As detailed in Project goals and non-goals, Snowdon aims to be a correct implementation of Twitter's Snowflake algorithm. All generators this crate implements should be safe to use across multiple threads. More specifically, we try to ensure the following behaviour:

  • All snowflakes returned by the same generator are unique. I.e., no snowflake will be returned twice.
  • There are no "gaps" in the sequence number. If a snowflake with the sequence number 1 exists, another snowflake with the same timestamp and the sequence number 0 must also exist.
  • Snowflakes are strictly monotonic. If the snowflake b was generated after the snowflake a, a < b.
  • Snowdon uses the current system time for the snowflake. While this should be an obvious correctness requirement, all snowflake-generating instances in a deployment must adhere to this rule.
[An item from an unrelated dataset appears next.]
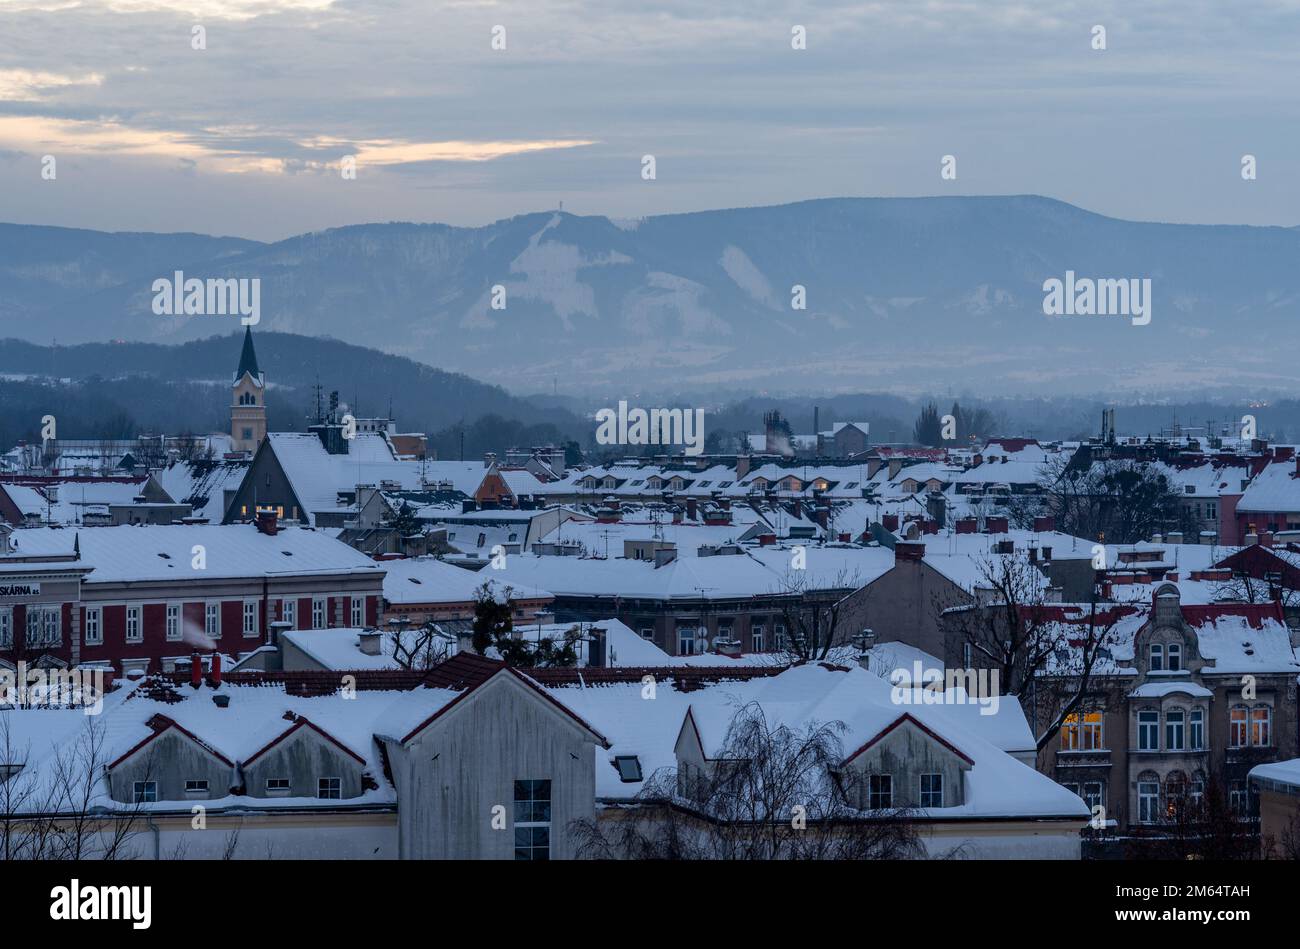 Paesaggio urbano di Cesky Tesin, regione della slesia Morava, Repubblica Ceca, tetti innevati e montagne beskid sullo sfondo Foto Stock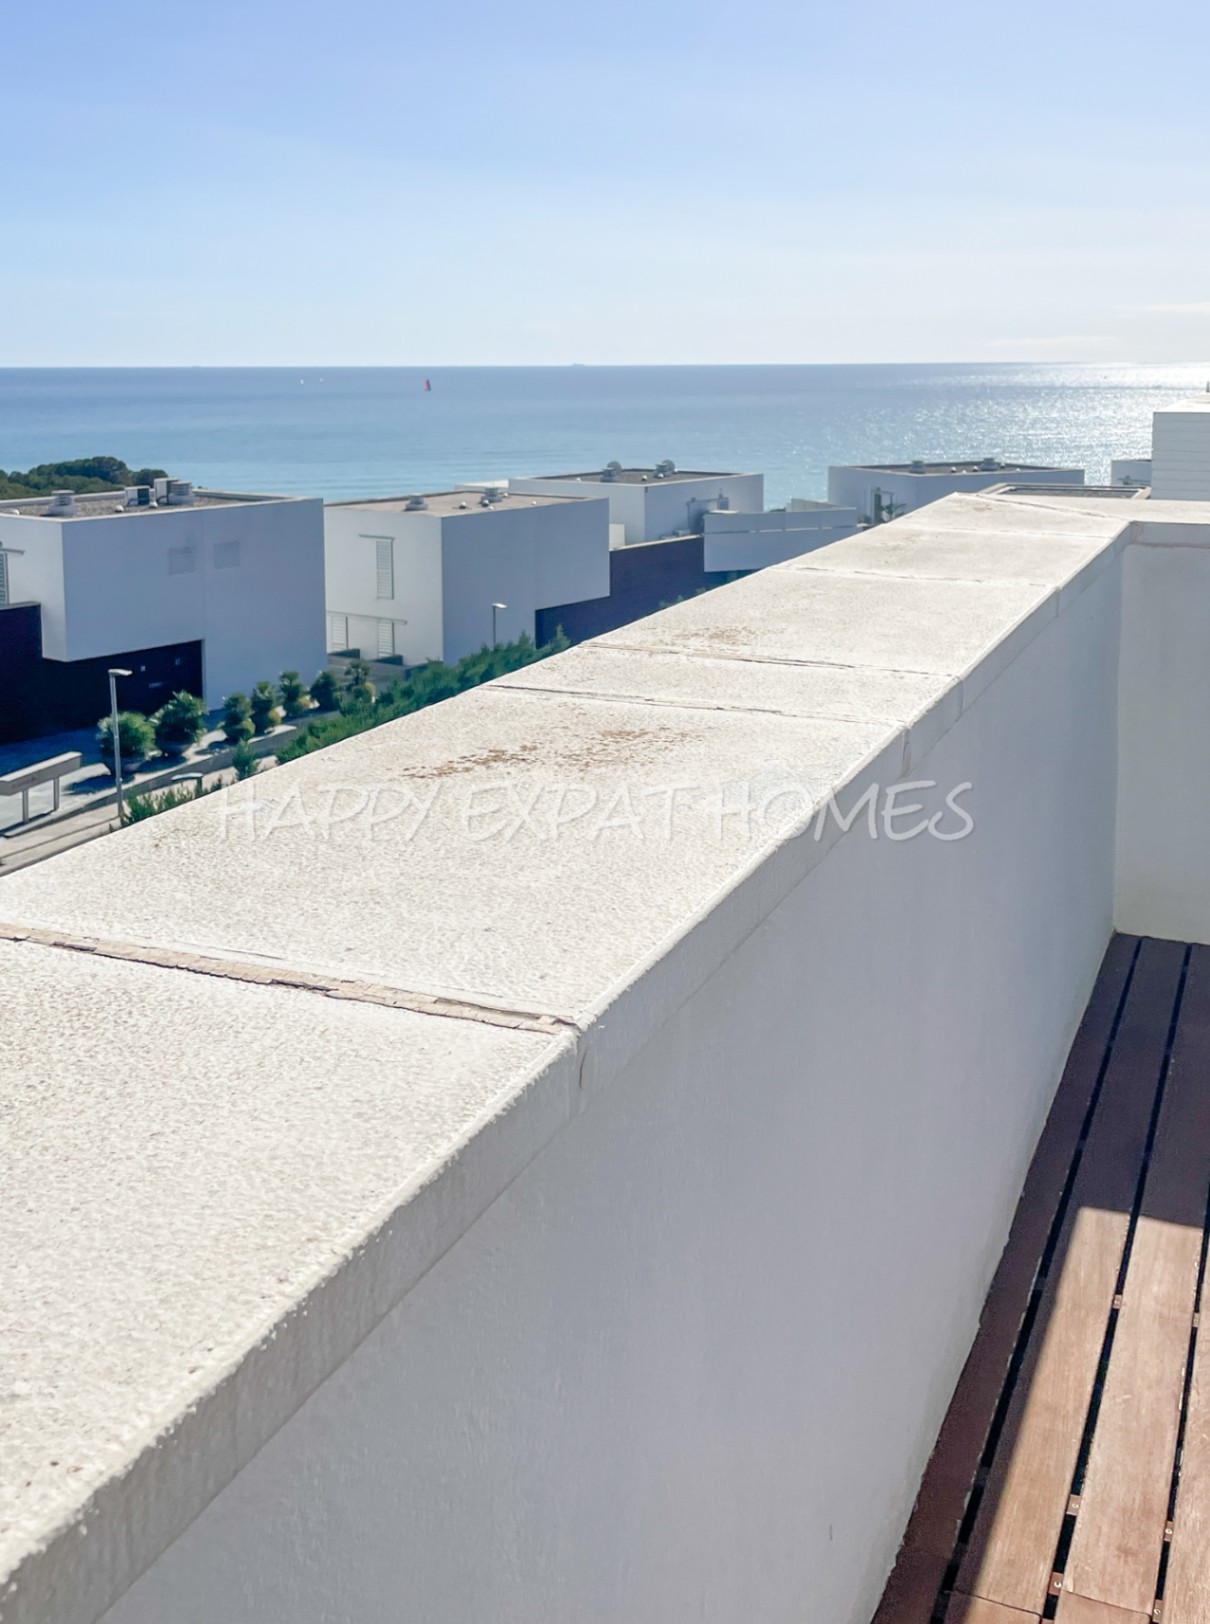 Elegante duplex met uitzicht op zee in de buurt van Sitges

Note that "before" and "after" in the list above refer to the actual time. I.e., even if the system clock is not monotonic, Snowdon only returns a snowflake b after producing the snowflake a for all subsequent invocations if a < b.

In an attempt to verify the lock-free algorithm, a PROMELA implementation for it is provided in the spin directory. Refer to the README in that directory for more information about the model and our lock-free snowflake implementation.

Please note that while we try to provide a correct and efficient implementation, there's no mathematical proof that Snowdon's implementation is indeed correct. We do our best to ensure that our code is correct, but if you're planning to use Snowdon in a production environment, you should verify that our implementation meets your expectations. If you find any bugs or potential efficiency improvements, please open an issue as described in CONTRIBUTING.md.

Benchmarks

Snowdon provides benchmarks in benches. You can run them with

cargo bench --all-features

When running the test on an AMD Ryzen 9 5900X with Linux 6.3.5, we get the following results:

Benchmark Average time per snowflake (in ns) Estimated snowflake IDs per second
Lock-free generator (sequential) 29.188 34260655
Blocking generator (sequential) 29.038 34437633
Lock-free generator (10 threads) 84.954 11771076
Blocking generator (10 threads) 1594.4 627195

The last two entries in the table above are for an extreme scenario where ten threads concurrently generate snowflakes in a loop. It's meant to simulate severe contention between threads, and with most applications, the actual times per snowflake should be closer to the sequential benchmarks. Moreover, most implementations outperform the limitations of snowflake layouts with 12 sequence number bits. Under almost all circumstances, the generators are fast enough for a regular application's ID requirements. This includes applications that need to generate more than 100000 IDs per second.

Licence

Copyright (C) 2023 Archer [email protected]

Snowdon is licensed under either of

at your option.

Unless you explicitly state otherwise, any contribution intentionally submitted for inclusion in the work by you, as defined in the Apache-2.0 licence, shall be dual licensed as above, without any additional terms or conditions.